Lapointe began his stage career as part of the duo Les Jérolas with Jérôme Lemay, performing in such venues as The Ed Sullivan Show and at the Olympia in Paris.

He launched his solo career in 1974 and performed on stage, albums and in two feature films. Most of his albums have been produced by Yves Lapierre.

He was also a social activist who campaigned against alcoholism and drug abuse through his Jean Lapointe Foundation.

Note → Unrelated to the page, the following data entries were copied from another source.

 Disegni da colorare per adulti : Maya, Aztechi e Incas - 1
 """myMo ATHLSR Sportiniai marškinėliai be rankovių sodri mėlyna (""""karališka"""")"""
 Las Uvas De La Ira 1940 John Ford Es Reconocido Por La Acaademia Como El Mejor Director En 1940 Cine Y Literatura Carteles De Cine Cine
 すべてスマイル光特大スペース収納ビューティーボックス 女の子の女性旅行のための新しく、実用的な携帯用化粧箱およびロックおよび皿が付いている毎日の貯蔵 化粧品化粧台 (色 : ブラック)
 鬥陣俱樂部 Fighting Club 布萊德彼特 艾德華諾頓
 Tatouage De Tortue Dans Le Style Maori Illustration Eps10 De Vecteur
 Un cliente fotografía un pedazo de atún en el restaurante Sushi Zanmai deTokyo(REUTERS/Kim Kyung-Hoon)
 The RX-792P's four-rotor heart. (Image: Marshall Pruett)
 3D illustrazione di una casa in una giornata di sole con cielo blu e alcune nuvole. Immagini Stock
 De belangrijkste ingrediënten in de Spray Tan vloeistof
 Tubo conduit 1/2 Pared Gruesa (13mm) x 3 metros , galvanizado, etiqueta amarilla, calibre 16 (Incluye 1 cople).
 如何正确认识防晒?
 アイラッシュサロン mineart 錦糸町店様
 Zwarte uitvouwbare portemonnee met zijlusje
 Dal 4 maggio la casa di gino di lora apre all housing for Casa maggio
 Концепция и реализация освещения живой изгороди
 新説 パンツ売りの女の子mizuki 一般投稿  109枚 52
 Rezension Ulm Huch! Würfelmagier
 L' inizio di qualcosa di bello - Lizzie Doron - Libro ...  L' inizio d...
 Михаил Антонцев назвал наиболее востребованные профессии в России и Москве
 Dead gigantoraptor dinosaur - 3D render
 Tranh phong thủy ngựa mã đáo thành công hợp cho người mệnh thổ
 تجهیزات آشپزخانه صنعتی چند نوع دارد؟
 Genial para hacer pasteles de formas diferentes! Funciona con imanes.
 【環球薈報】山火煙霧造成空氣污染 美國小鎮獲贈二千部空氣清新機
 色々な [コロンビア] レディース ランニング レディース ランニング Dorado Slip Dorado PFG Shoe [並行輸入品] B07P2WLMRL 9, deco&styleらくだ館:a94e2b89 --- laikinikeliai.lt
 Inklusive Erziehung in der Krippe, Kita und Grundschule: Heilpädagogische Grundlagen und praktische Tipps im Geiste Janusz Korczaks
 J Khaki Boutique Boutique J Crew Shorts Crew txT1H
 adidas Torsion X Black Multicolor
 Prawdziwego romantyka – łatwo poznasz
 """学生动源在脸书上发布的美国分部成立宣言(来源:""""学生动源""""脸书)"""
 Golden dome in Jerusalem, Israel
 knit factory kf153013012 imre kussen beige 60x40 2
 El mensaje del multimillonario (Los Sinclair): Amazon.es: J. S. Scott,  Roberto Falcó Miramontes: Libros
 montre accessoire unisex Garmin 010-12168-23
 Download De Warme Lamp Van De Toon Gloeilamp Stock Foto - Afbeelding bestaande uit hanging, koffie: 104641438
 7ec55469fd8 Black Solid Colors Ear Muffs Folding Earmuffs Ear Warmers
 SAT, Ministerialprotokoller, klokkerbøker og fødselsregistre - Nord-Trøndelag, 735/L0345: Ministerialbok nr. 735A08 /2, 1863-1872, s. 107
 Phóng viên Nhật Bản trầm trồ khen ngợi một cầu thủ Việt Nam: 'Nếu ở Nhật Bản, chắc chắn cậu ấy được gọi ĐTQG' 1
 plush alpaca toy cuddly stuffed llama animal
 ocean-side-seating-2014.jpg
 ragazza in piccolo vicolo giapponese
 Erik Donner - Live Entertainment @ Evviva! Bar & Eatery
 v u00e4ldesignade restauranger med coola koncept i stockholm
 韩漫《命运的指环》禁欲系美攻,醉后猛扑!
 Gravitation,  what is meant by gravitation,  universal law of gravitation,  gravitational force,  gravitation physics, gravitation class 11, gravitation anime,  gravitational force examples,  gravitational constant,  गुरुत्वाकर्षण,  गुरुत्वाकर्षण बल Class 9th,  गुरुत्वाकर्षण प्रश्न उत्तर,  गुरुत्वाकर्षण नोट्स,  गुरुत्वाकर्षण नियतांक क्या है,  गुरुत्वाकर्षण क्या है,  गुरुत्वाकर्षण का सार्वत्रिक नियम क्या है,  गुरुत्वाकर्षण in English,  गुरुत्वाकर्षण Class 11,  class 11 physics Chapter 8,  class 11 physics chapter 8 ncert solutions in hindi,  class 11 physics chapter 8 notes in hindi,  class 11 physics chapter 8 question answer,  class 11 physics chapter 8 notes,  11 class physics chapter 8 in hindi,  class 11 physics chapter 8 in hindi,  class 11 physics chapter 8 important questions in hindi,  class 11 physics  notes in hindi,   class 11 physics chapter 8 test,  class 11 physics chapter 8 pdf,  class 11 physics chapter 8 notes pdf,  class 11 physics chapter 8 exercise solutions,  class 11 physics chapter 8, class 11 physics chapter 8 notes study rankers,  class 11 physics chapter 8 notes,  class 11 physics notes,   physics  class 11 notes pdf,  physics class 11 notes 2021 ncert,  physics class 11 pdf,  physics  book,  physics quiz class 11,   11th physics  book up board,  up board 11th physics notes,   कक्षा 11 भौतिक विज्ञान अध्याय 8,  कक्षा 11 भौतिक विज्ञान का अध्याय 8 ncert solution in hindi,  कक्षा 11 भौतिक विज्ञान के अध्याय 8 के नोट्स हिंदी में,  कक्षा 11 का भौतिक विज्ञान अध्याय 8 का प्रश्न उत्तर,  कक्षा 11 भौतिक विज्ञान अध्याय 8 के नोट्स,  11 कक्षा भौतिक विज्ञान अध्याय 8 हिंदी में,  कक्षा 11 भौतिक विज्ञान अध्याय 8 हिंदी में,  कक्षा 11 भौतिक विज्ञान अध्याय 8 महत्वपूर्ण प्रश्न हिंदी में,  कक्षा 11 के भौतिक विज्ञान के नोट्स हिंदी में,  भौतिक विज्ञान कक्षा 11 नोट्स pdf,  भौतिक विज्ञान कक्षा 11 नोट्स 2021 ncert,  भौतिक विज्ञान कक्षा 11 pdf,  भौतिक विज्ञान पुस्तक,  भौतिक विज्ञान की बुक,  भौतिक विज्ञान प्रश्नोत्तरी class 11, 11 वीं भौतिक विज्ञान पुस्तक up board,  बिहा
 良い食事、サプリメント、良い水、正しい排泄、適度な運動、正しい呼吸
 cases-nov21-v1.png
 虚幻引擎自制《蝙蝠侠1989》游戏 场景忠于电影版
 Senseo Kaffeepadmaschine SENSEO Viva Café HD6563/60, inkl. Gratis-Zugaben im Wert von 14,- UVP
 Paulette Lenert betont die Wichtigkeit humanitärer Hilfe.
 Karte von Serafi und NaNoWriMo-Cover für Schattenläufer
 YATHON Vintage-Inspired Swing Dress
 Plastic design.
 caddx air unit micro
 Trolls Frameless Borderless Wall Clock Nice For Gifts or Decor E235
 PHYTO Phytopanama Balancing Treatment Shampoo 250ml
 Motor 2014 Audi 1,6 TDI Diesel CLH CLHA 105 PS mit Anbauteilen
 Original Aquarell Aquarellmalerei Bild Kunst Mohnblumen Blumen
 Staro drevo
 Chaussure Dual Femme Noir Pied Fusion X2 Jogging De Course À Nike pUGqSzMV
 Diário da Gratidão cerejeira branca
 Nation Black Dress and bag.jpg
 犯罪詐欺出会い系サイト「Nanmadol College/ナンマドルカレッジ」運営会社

He was named an Officer of the Order of Canada in 1984 and was named to the Senate by Jean Chrétien in 2001 where he sat as a Liberal until reaching the mandatory retirement age of 75 on December 6, 2010. In 2006, he was made an Officer of the National Order of Quebec.

Lapointe was also a life member of the Royal Philatelic Society of Canada and a member of the Stamp Advisory Committee of Canada Post.

In 2005, Lapointe was the recipient of the Lifetime Achievement Award at the Francophone SOCAN Awards held in Montreal.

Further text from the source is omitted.